Although Woodward’s point may seem complicated, it is in fact quite simple. His point is simply that reliability is a matter of error rates. This is because the probability that an inference method would support a hypothesis when the hypothesis is true is just the complement of the probability of a false negative: it is the probability of not rejecting a hypothesis when the hypothesis is true (a true negative). Similarly, the probability that an inference method would not support a hypothesis when the hypothesis is false is the complement of the probability of a false positive: it is the probability of rejecting a hypothesis when the hypothesis is false (a true positive). These probabilities are the true positive rate (sensitivity) and the true negative rate (specificity), which are the accuracy rates of the inference method (see Fig. 1). This is to say that Woodward takes a method to be reliable if it has high accuracy rates or, equivalently, low error rates. Woodward’s counterfactual account is therefore equivalent to understanding reliability in terms of low error rates.
Bovens and Hartmann (2004) defend a similar view in the context of data generation. In particular, they take reliability to measure the probability that a source produces data consistent with a hypothesis given that the hypothesis is true in comparison to the probability that the source produces the same data when the hypothesis is false. More formally, reliability is given by \(r=1-\frac{q}{p}\), where p is the probability of data consistent with the hypothesis given that the hypothesis is true and q is the probability of generating data consistent with a hypothesis given that the hypothesis is false (with \(0<p,q<1\)). A source is maximally unreliable when \(p=q\) so that it produces data consistent with a hypothesis with the same probability whether or not the hypothesis is true (in this case, \(r=0\)); a source is maximally reliable when \(p=1\) and \(q=0\) so that it always produces data consistent with a hypothesis when the hypothesis is true and never when the hypothesis is false (in this case, \(r=1\)). So r ranges between zero when reliability is low and unity when reliability is high. This is to say that a source is reliable in producing data to the extent that the error rate (q) is comparatively low—see also Merdes et al. (2021) for a recent discussion. Understanding reliability in terms of error is thus in philosophical discussions about data production and data analysis.Footnote 4
Error rates certainly capture a central feature of reliability. The reliability of an inference method should be proportional to its error rates. But some qualifications are in order. First, an inference method may be reliable against some background conditions and yet unreliable against others. Similarly, a method may be reliable only if applied to data of sufficiently high quality, or data of a certain sort. For example, an inference method may be reliable when applied to a sufficiently large amount of vocabulary data but unreliable when supplied with a dataset that is too small. Or the method may be reliable if applied, say, to lexical data or slow-changing words but unreliable when applied to phonological data or fast-changing words. The reliability of an inference method therefore depends on its error rates across a range of background conditions.
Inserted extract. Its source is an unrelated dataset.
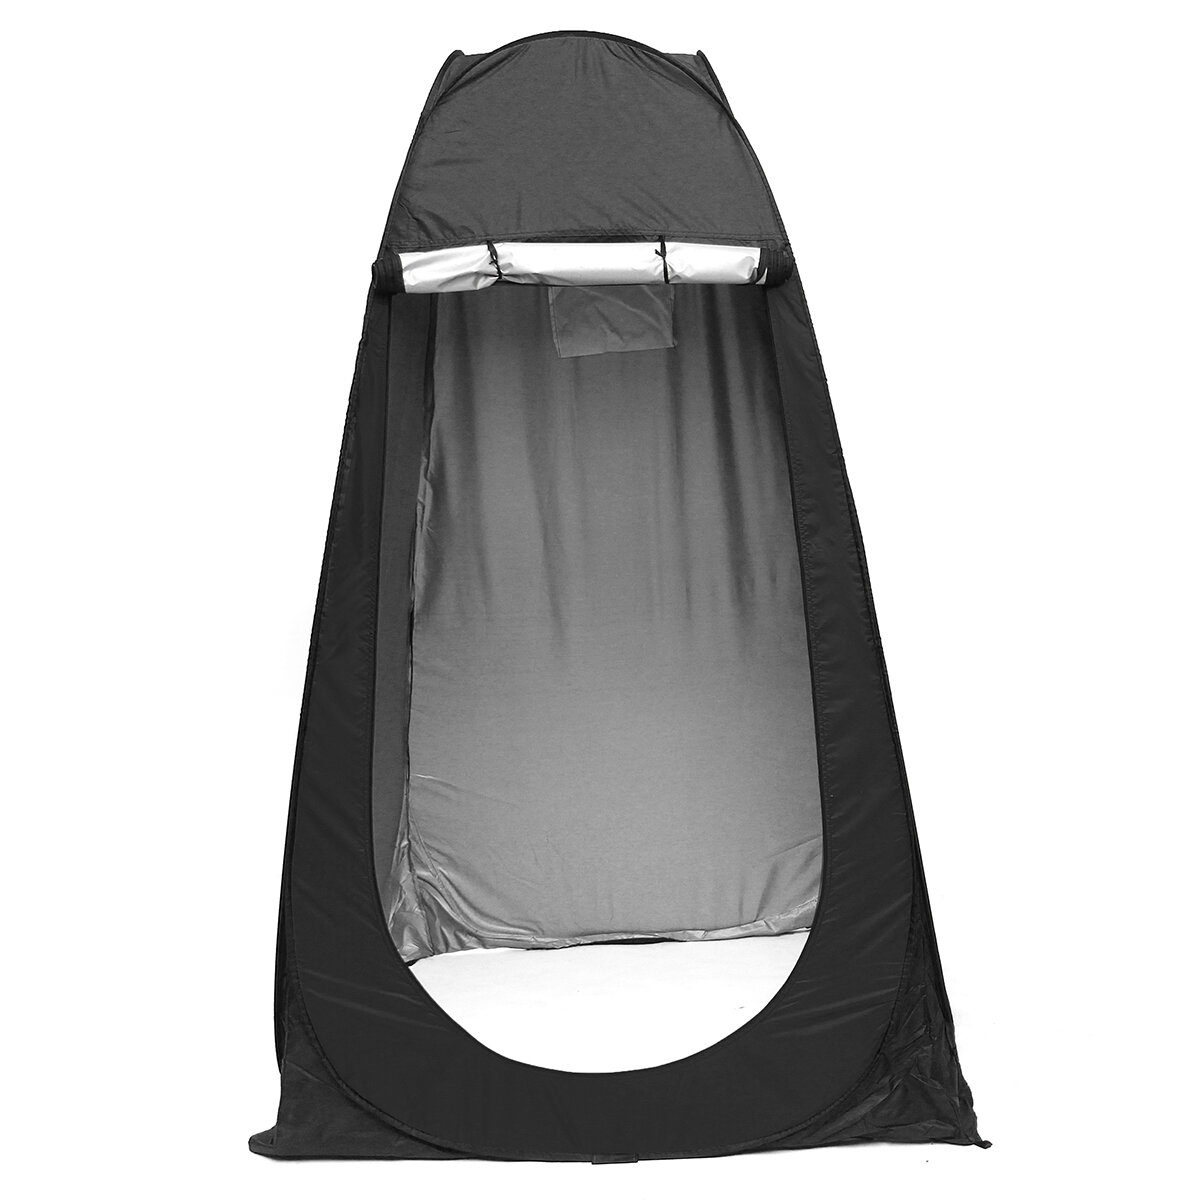 1-2 человека На открытом воздухе Кемпинг Автоматическая палатка Переносная навесная раздевалка Водонепроницаемы UV Защита

Second, an inference method may select a hypothesis that is more or less precise than the hypothesis selected by some other method. When this occurs, both methods may differ in reliability even if they exhibit the same error rates or the same error rates across the same range of conditions. For example, an inference method may fail to identify that some languages are related at all. A second method may correctly infer that the languages are related but fail to recover how related they actually are. A third method may not only infer that the languages are related, but also correctly recover a high degree of relatedness among them. The first method should count as less reliable than the other two, whereas the third method is presumably more reliable than the first and the second. If this is right, then precision also matters when it comes to determining the reliability of inference methods. The reliability of an inference method should therefore be a function of how precise the hypotheses are that the method supports.
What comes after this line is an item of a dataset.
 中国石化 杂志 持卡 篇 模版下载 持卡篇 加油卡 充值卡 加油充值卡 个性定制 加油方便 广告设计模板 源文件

These qualifications suggest that reliability is a subtle notion that deserves careful scrutiny. But they also pick up important threads. First, the reliability of an inference method should be proportional to its error rates. Second, the reliability of an inference method should also be sensitive to the range of conditions across which its error rates vary. Third, the reliability of an inference method should take into account how precise the hypotheses are that the method supports. Understanding reliability in terms of error rates explicitly takes into consideration the first of these requirements. But there is no reason to think that it could not accommodate the other two, so this is not really a problem. We will get into a more serious problem for this way of understanding reliability below. Before doing so, we turn in the next section to models that assess the reliability of inference methods. Given how prevalent such models are in cultural phylogenetics, case studies in this discipline provide a helpful starting point.
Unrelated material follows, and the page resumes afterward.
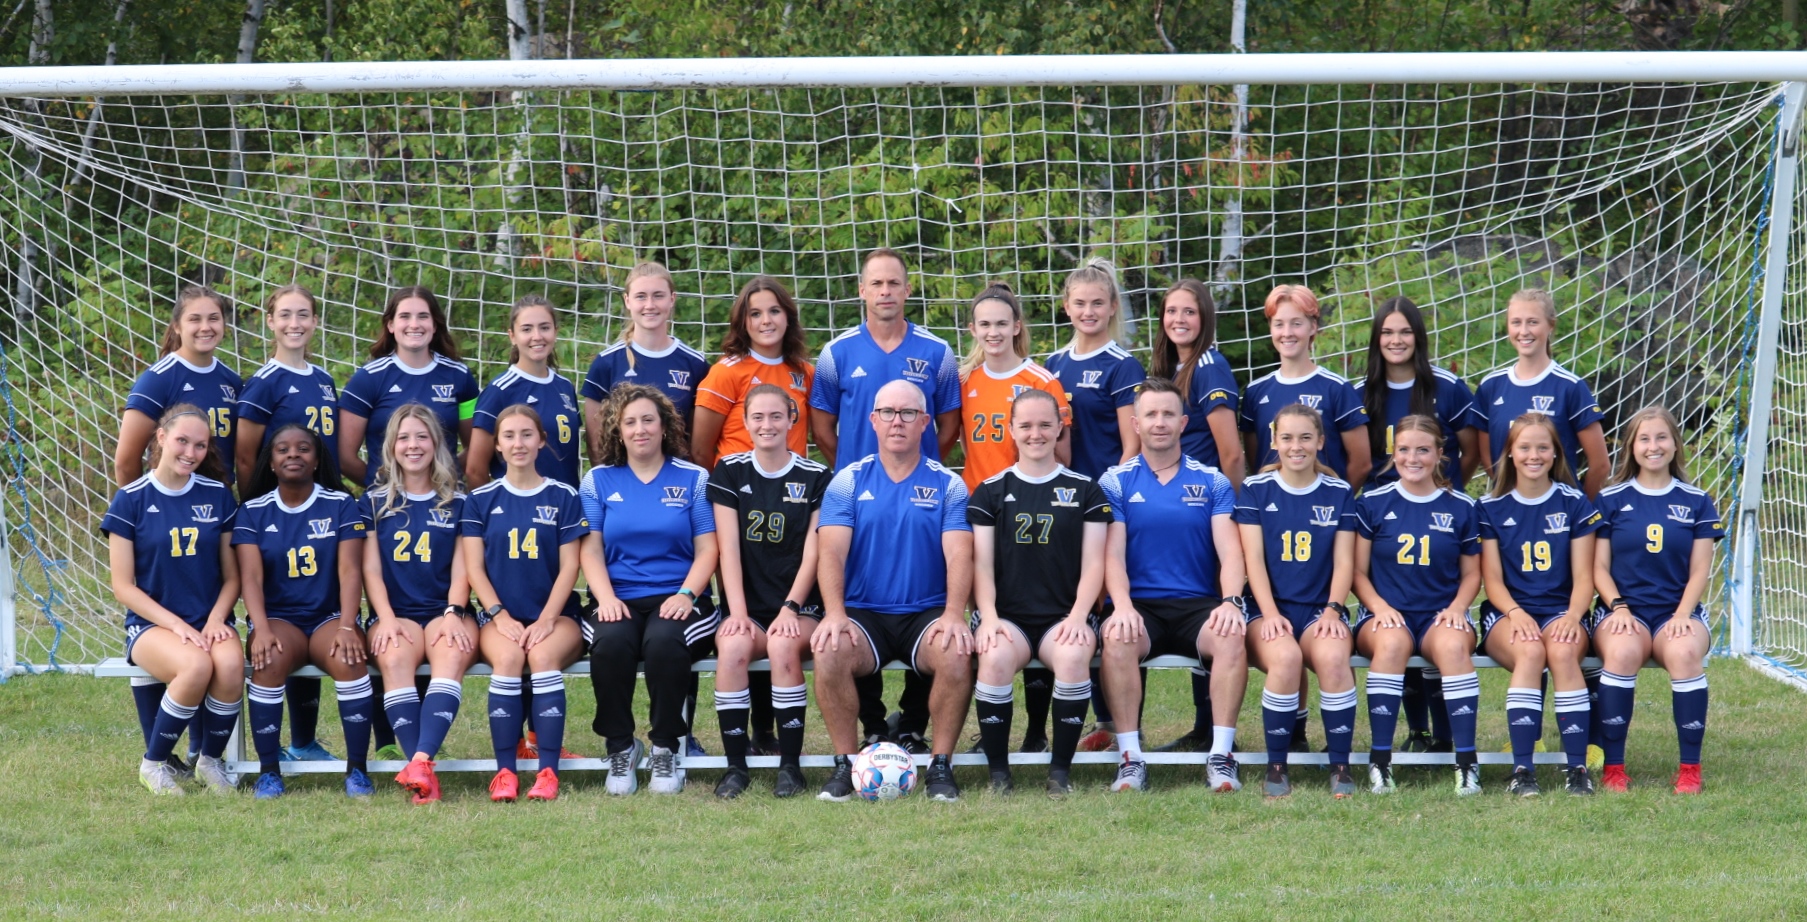 Women's soccer team photo.

Inference methods in phylogenetics
Phylogenetic inference methods have a long and venerable tradition in biology, arguably dating as far back as Darwin’s (1859) depiction of a tree-like diagram to represent the pattern of descent among biological species. In the study of cultural evolution, phylogenetic approaches actually predate Darwin. Years before the publication of the Origins, Schleicher (1853) had already sketched a tree to represent the ancestral relations among Indo-European languages. Currently, phylogeneticists have at their disposal highly sophisticated methods for recovering phylogenetic relationships (Lemey et al. 2009). Many of these inference methods have also been employed in the study of culture—see Mesoudi (2011) for an overview of many interesting applications. A particularly successful case is in reconstructing the evolutionary history of human languages. Well-studied cases include the phylogenies of major linguistic groups, from the Indo-European (Gray and Atkinson 2003) and the Austronesian families (Gray et al. 2009), to the Bantu (Holden 2002), Semitic (Kitchen et al. 2009), and Sino-Tibetan languages (Zhang et al. 2019).Footnote 5
Reliability models are quite widespread in cultural phylogenetics, as worries about the reliability of phylogenetic methods permeate much of the field. One reason for this is that phylogenetics methods were developed in biology under the assumption that evolution proceeds in a vertical line of descent, with traits inherited from parent to offspring. For the most part this is the case in biology, although recent work has revealed a surprisingly large amount of cases that deviate from vertical transmission—see Doolittle and Bapteste (2007) for a still comprehensive review. But cultural evolution often does not proceed in this way. Cultural transmission is often horizontal, meaning that cultural traits can be transmitted between individuals that do not stand in a parent-offspring relationship (see Fig. 2). For example, eye color in humans is a biological trait that is transmitted vertically, as offspring usually resemble their parents. But this is not the case with cultural markers, such as accents. Accents tend to be horizontally acquired, with the accent of second-generation immigrants often being more similar to that of their peers than to that of their parents (Evans et al. 2007; Floccia et al. 2012). A particularly pressing problem in cultural phylogenetics is thus whether to trust inference methods that were developed on the assumption that inheritance is vertical.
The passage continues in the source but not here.